Adapun Happy, dia praktis tidak berhenti. Setelah dia melemparkan pukulan, dia menyerbu ke barisan anggota Aula Kelas Satu secepat angin. Angin yang dihasilkan telapak tangannya menimbulkan kekacauan, dan meskipun elit Aula Kelas Satu di sekitarnya sering menyerang, kekuatan serangan mereka segera melemah secara drastis oleh pusaran kuat di sekitar Happy. Kekuatan yang tersisa kemudian tidak cukup untuk memberikan segala jenis kerusakan pada Happy, yang telah mengaktifkan Golden Bell Cocoon.
Bang! Bang!
Ledakan! Gemuruh!
Para pemain di restoran-restoran di jalan-jalan di daerah itu merasa seperti sedang menonton film. Ada banyak orang yang dirobohkan dari gedung seperti peluru meriam atau terlempar ke toko-toko terdekat.
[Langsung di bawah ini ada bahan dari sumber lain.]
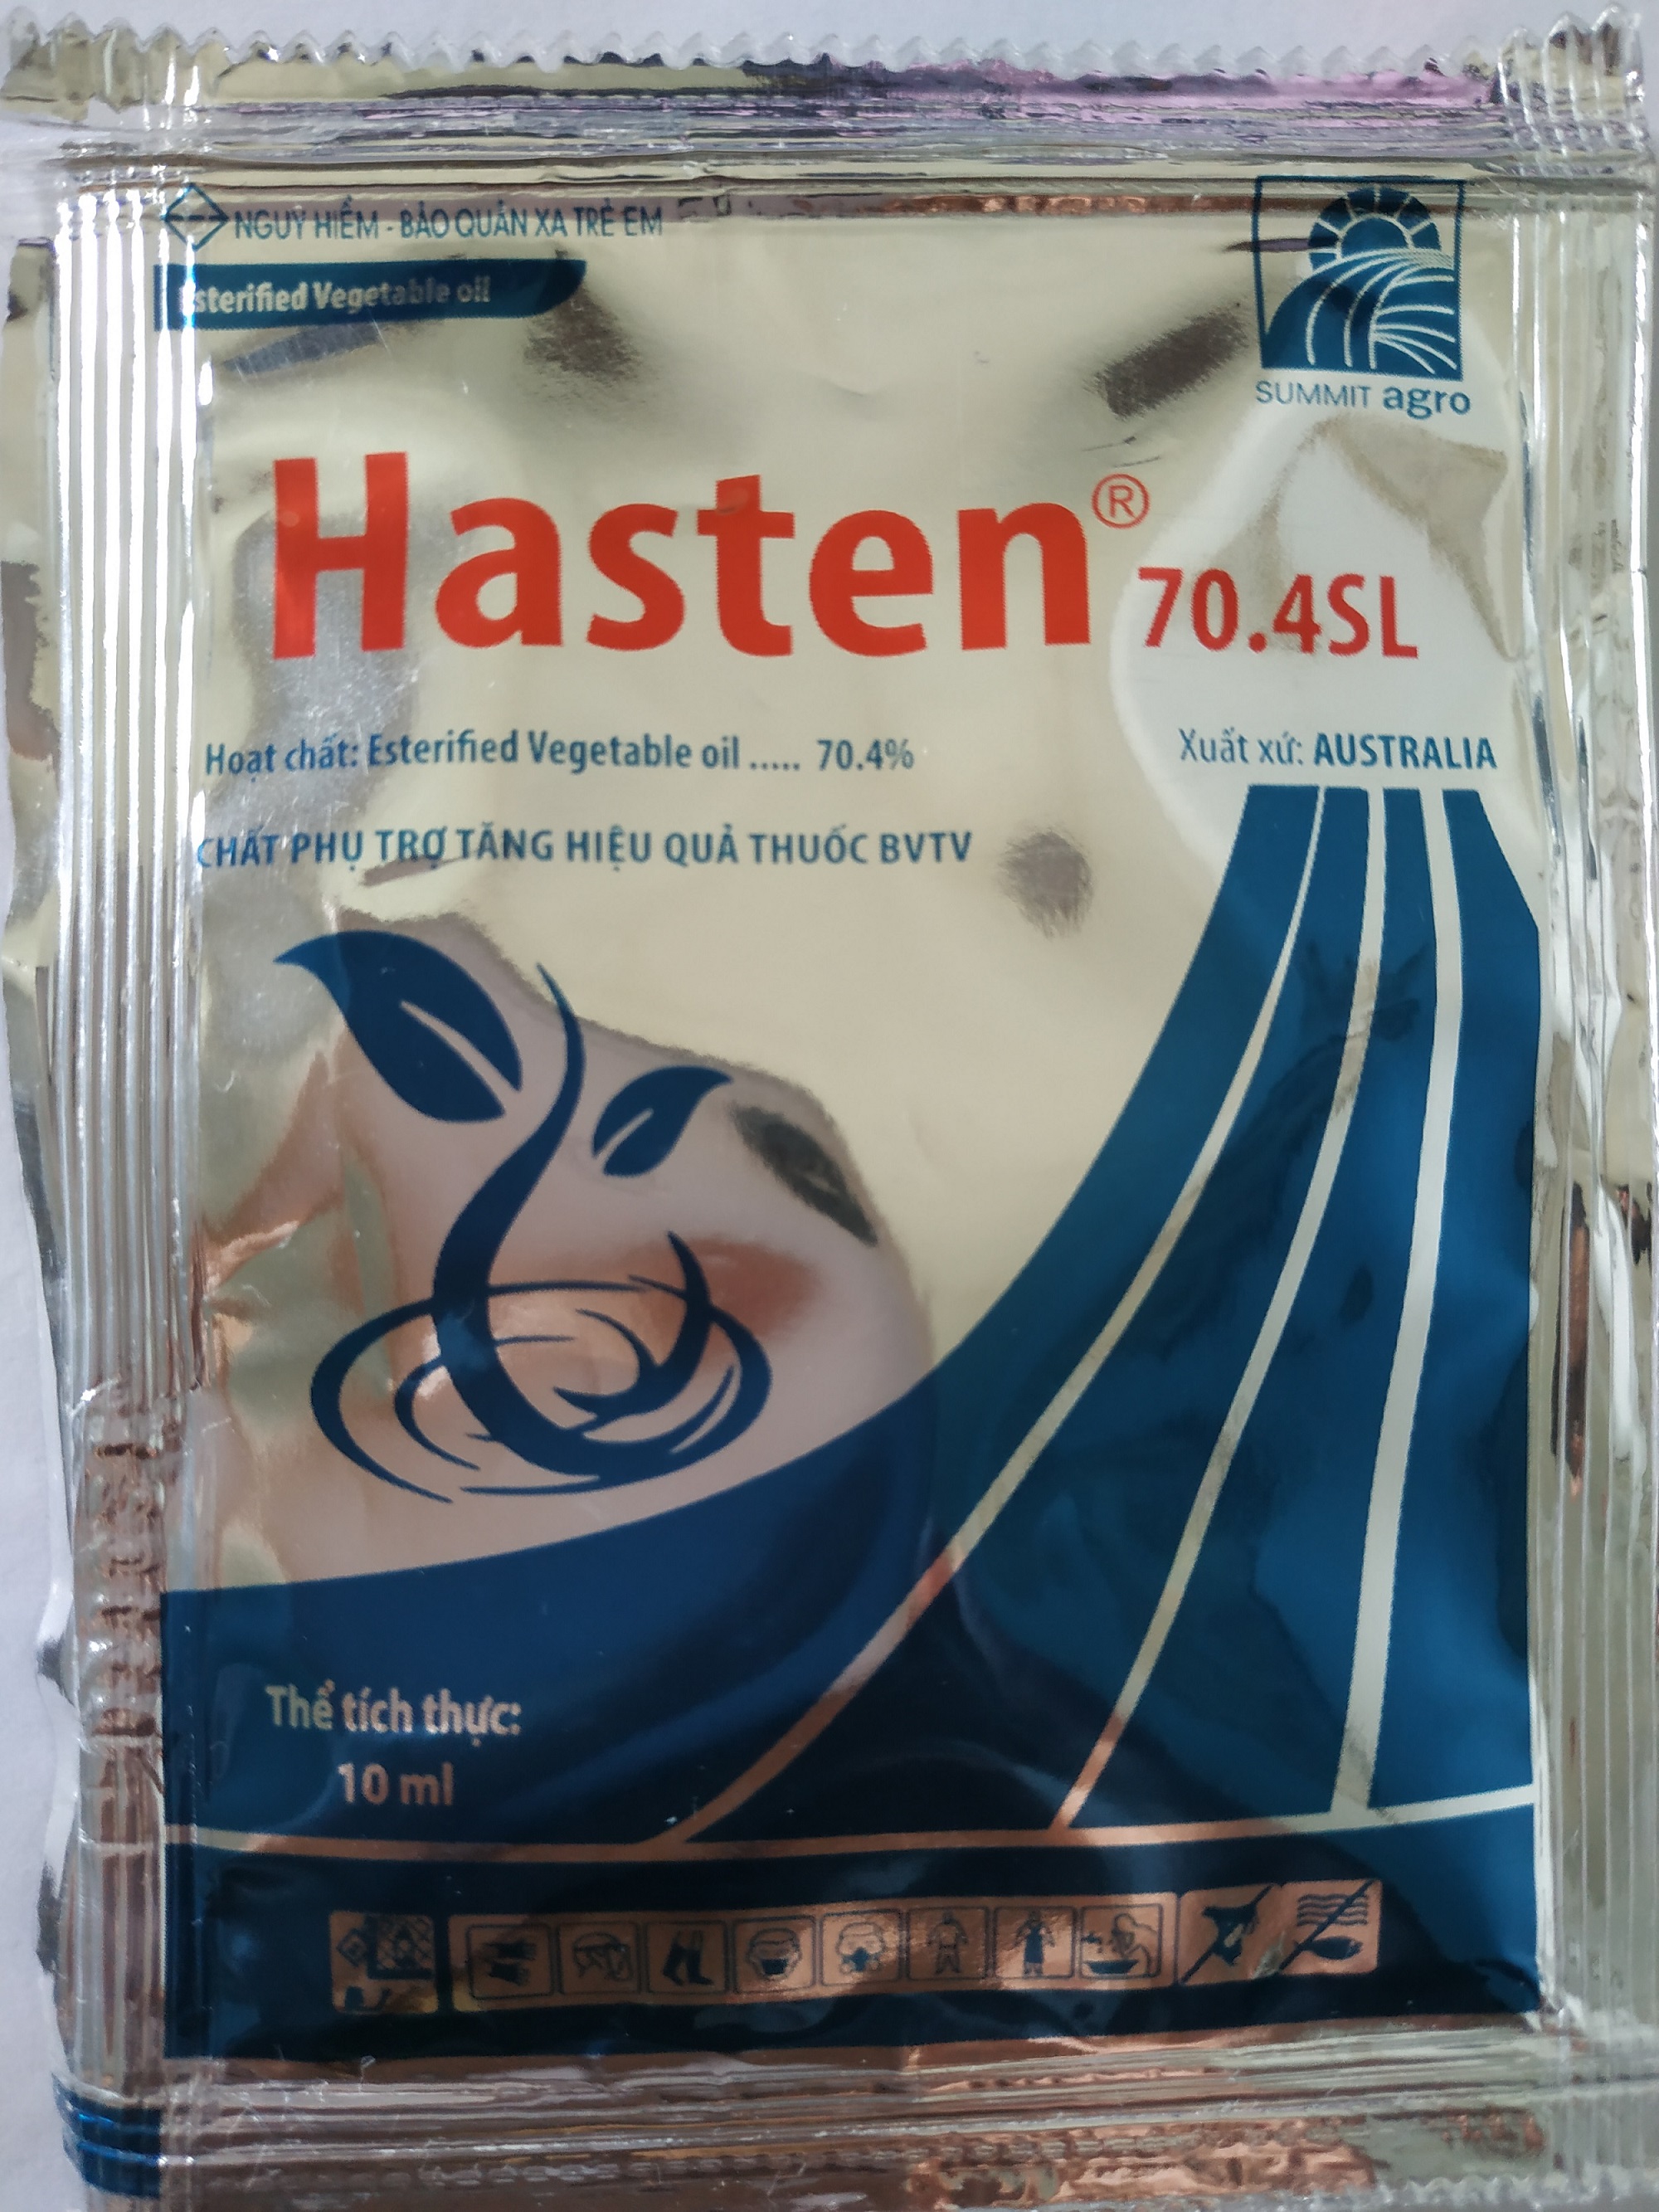 Chất bám dính Hasten 70.4SL xuất xứ  Australia - gói 10ml

Yang paling mengejutkan orang-orang adalah bahwa orang-orang yang jatuh dari atap memiliki dada cekung. Ketika mereka batuk darah, ada potongan-potongan organ yang hancur dalam darah mereka. Mereka berusaha mati-matian untuk bernafas, tetapi tidak peduli pil obat apa yang mereka coba selamatkan, itu sia-sia.
Sementara Happy berjuang melewati musuh, momentumnya semakin kuat! Dia melemparkan satu serangan tepat demi satu, dan mereka secepat kilat. Auman naga yang sering muncul di kerumunan juga.
Seolah-olah kekuatan yang menakjubkan telah membuka jalan dalam hiruk-pikuk, dan frekuensi di mana raungan muncul menjadi lebih cepat dan lebih cepat! Hampir dalam waktu singkat, pusaran berbentuk naga yang mengelilingi lengan Happy memperoleh bentuk naga yang jelas di depannya!
Pemain yang tak terhitung jumlahnya kehilangan pandangan terhadap tubuh Happy. Mereka hanya bisa melihat naga kuning besar yang terus maju ke depan. Orang-orang dari Aula Kelas Satu jatuh satu demi satu di depannya. Mereka semua tersapu dalam kelompok.
Happy melewati musuh-musuhnya seolah-olah mereka adalah ranting. Ke mana pun dia lewat, dia mendorong semua orang ke samping dan membuat mereka berhamburan!